Среди них оказался и Павел, худой, как волк, в ссадинах и полуживой от изнурительных тренировок. То, что от него требовали, он понимал с грехом пополам, но так или иначе выполнял. Что ни утро, бегал за расположением туменов, иной раз по десять-пятнадцать верст. Свой ржавый меч он потерял в той единственной в своей жизни сече, заодно чуть не лишившись и жизни. Поваливший его удар вырвал ему клок кожи с волосами на макушке; паренек упал оглушенный. Когда он наконец очнулся, то частокол горел огнем, а в самом лагере уже свирепствовали неприятельские конники.
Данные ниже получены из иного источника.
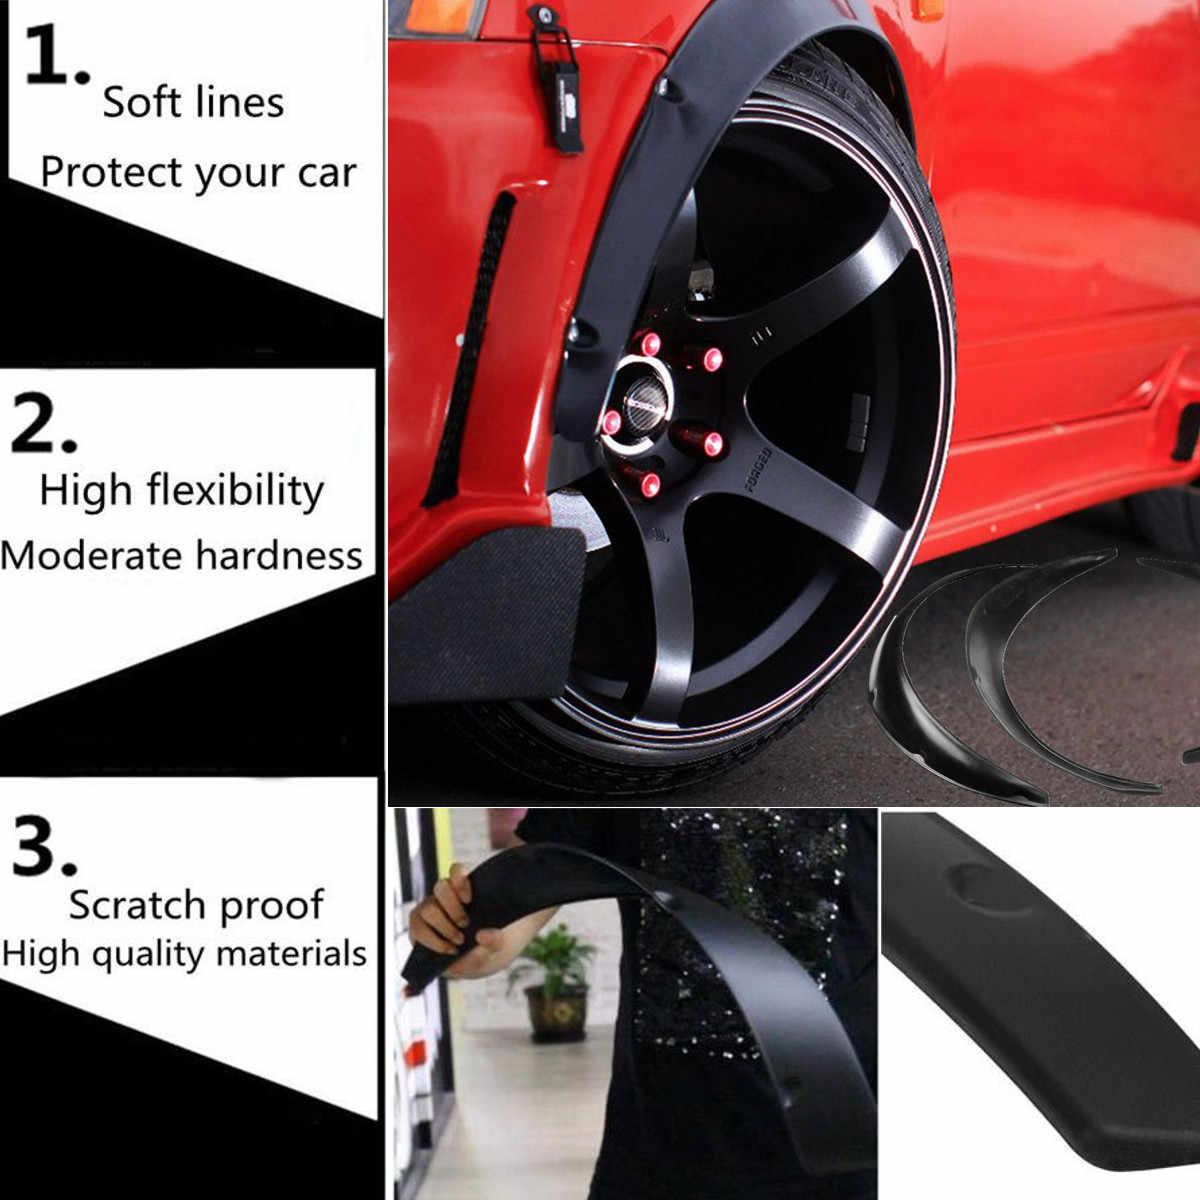 Embellecedor de arco de rueda par de molduras de arco de cejas de rueda de coche universales Protector de bengalas de guardabarros Material ABS

Воины лежали там, где их застигла смерть; с некоторых уже были содраны одежда и обувь. Лицо Павла заскорузло от собственной крови, натекшей из-под волос к подбородку. Притрагиваться к ней он не смел, хотя она залила ему весь правый глаз и застыла.
Он тогда, наверное, тихо скрылся бы, если б не тот насмешник с гнилыми зубами, который как раз пробирался мимо с мехом какой-то нестерпимо горькой жидкости. От нее Павла стошнило, а человек тот, как всегда, обидно рассмеялся и сказал, что звать его Алешкой и что держаться им теперь надо вместе. Алешка проводил его через лагерь, где сейчас валялись монголы – кто пьяный, кто спящий. Павла весельчак отвел к какому-то человеку в таких рубцах, что страшно и смотреть.
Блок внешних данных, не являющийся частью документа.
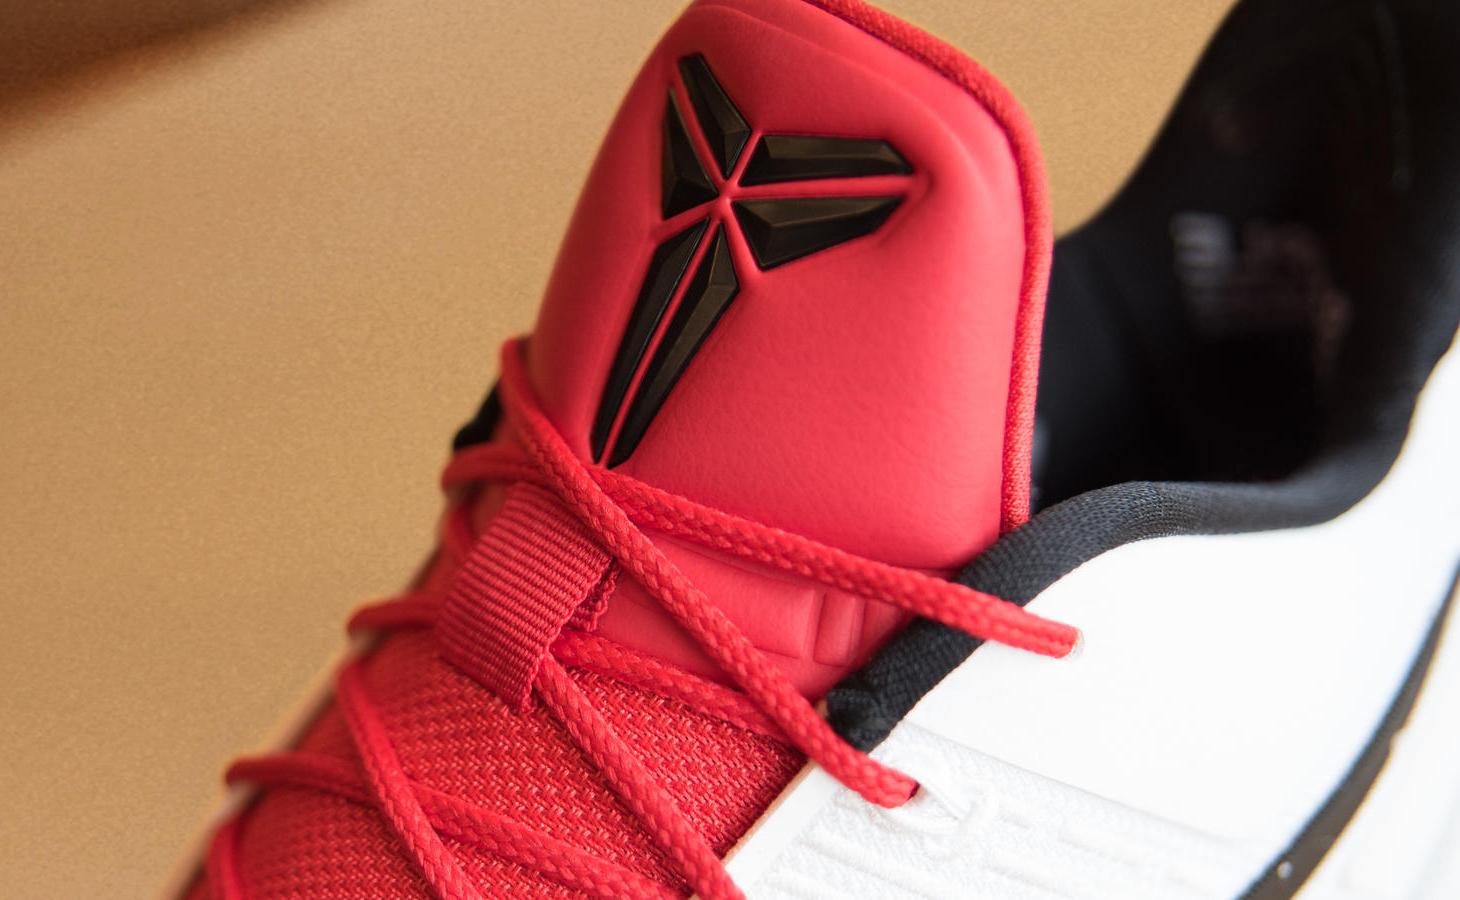 DeMar DeRozan Nike Kobe AD White Black Red Tongue

– Польских, что ли, кровей, – представил Павла Алешка. – Из села мальчишка, но, гляди-ка, не сбежал.
Тот, что в рубцах, хмыкнул и заговорил на русском. Он сказал, что можно взять другое какое-нибудь оружие. Куда делся его заржавленный меч, Павел понятия не имел; к тому же все вокруг плыло. Он только помнил, что человек сказал: мол, у парня череп, должно быть, треснул, и на этом Павел отключился.
Новая его жизнь была тяжелой. Кормили плохо, хотя дали новый меч, без зазубрин и ржавчины. Ну и гоняли, гоняли немилосердно. Паренек бегал за туменами и все терпел, пока грудь не начинало жечь и сердце не принималось гореть огнем. О своем селе, где остались мать с дедом, Павел старался не вспоминать. Сейчас они там управляются без него, смотрят, как зреет урожай к жатве. В этот год он им не помощник. Так-то.
Паренек еще не спал, когда на конях к большой юрте в центре лагеря подъехали трое. Один из них, с жестоким лицом, – Бату, внук самого Чингисхана. Павел старался запоминать все имена – это для него была единственная возможность продеть ниточки сквозь неразбериху нынешней жизни. Как зовут второго, что дурацки склабился рядом с Бату, паренек не знал. В сумраке он сжал рукоять меча: эх, сейчас бы силы, так вот взял бы, подбежал и зарубил супостатов. Как погиб князь, Павел не видел, а на его расспросы остальные русичи покачивали головой и отводили глаза. Им, похоже, до этого дела было меньше, чем ему.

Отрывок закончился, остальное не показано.